Pur nel rispetto del margine di discrezionalità di cui dispongono i giudici nazionali, essi si debbono conformare alla giurisprudenza della Corte anche concedendo un risarcimento consequenziale.

Tenuto conto degli elementi che emergono dal fascicolo, la Corte ritiene che un tale divario tra la giurisprudenza di Strasburgo da una parte e l’applicazione nel caso di specie della Legge Pinto dall’altra non sia giustificato.

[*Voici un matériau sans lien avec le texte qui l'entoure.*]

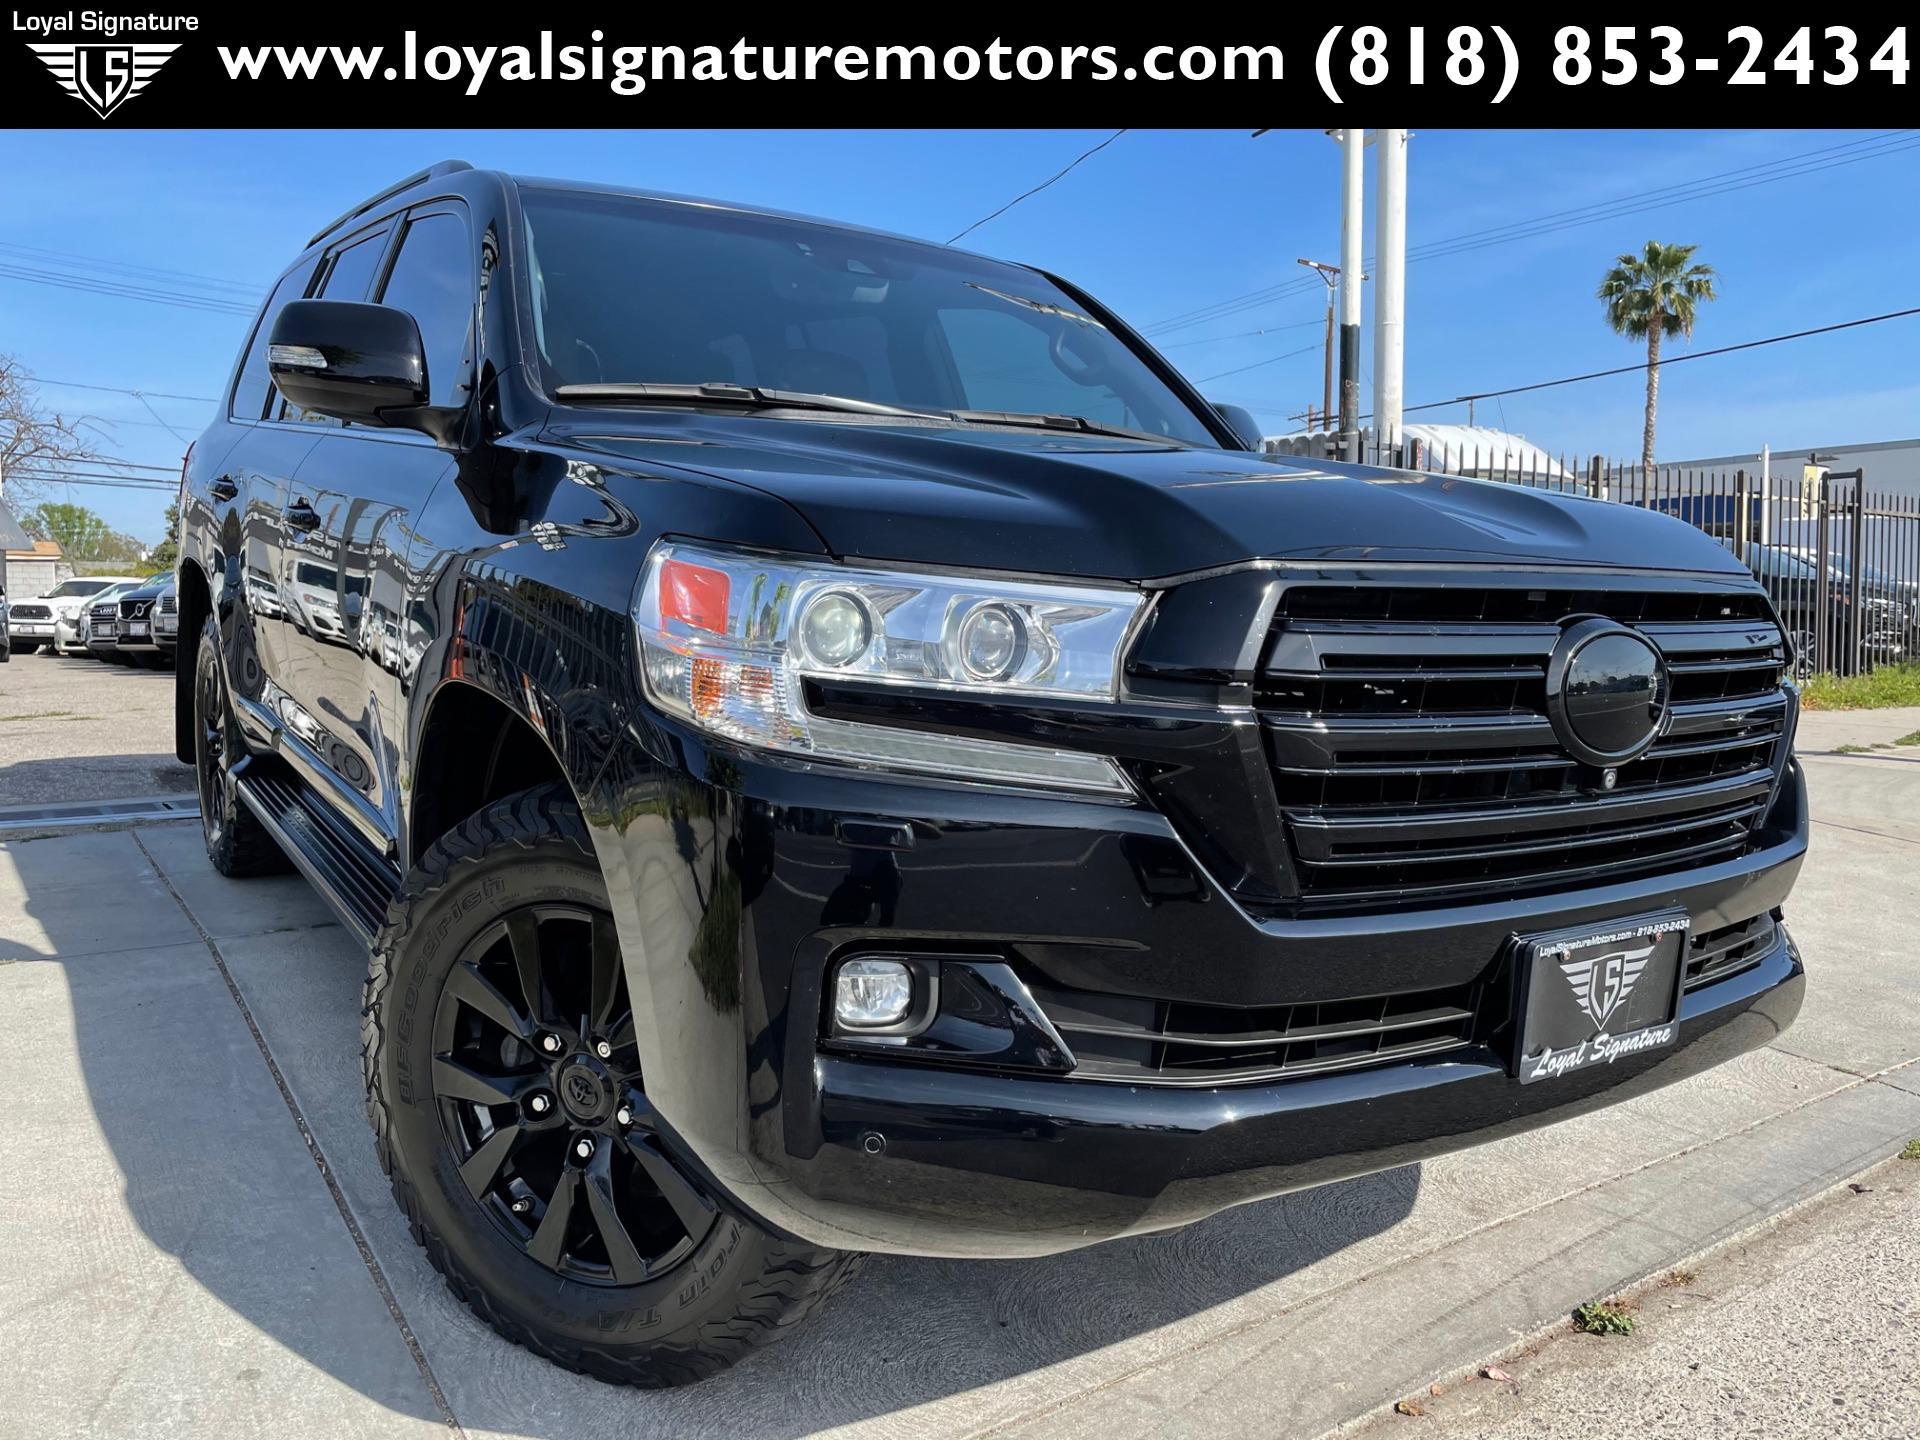 Used 2016 Toyota Land Cruiser  | Van Nuys, CA

Pertanto, ritiene che la somma accordata ai ricorrenti non possa considerarsi adeguata e idonea a riparare la violazione dedotta.

Ne consegue che i ricorrenti possono considerarsi vittime ai sensi dell’art.34 della Convenzione e che la seconda eccezione del Governo deve essere rigettata.

OMISSIS……….

TESTO INTEGRALE

DELLA DECISIONE DELLA CORTE EUROPEA DEI DIRITI DELL’UOMO

PREMIÈRE SECTION

DÉCISION

SUR LA RECEVABILITÉ

de la requête no 36813/97
présentée par Giovanni Maria SCORDINO et autres
contre l’Italie

La Cour européenne des Droits de l’Homme (première section), siégeant le 27 mars 2003 en une chambre composée de :

          MM.  C.L. Rozakisprésident,
                   G. 
Bonello,
                   P. 
Lorenzen,
          Mmes  N. 
Vajić,
                   S. 
Botoucharova,
                   E. 
Steinerjuges,
                   M. 
del Tufo, juge ad hoc,
et de M. 
S. Nielsen,
 greffier adjoint de section,

Vu la requête susmentionnée introduite devant la Commission européenne des Droits de l’Homme le 21 juillet 1993,

Vu l’article 5 § 2 du Protocole no 11 à la Convention, qui a transféré à la Cour la compétence pour examiner la requête,

Vu les observations soumises par le gouvernement défendeur et celles présentées en réponse par les requérants,

Vu les observations présentées oralement par les parties à l’audience du 27 mars 2003,

Après en avoir délibéré, rend la décision suivante :


 

EN FAIT

Les requérants sont quatre ressortissants italiens, Giovanni, Elena, Maria et Giuliana Scordino, nés en 1959, 1949, 1951 et 1953 respectivement et résidant à Reggio de Calabre. D’abord désignés par les initiales G.S. et autres, les intéressés ont ensuite consenti à la divulgation de leur identité. Ils sont représentés devant la Cour par Me N. Paoletti, avocat à Rome.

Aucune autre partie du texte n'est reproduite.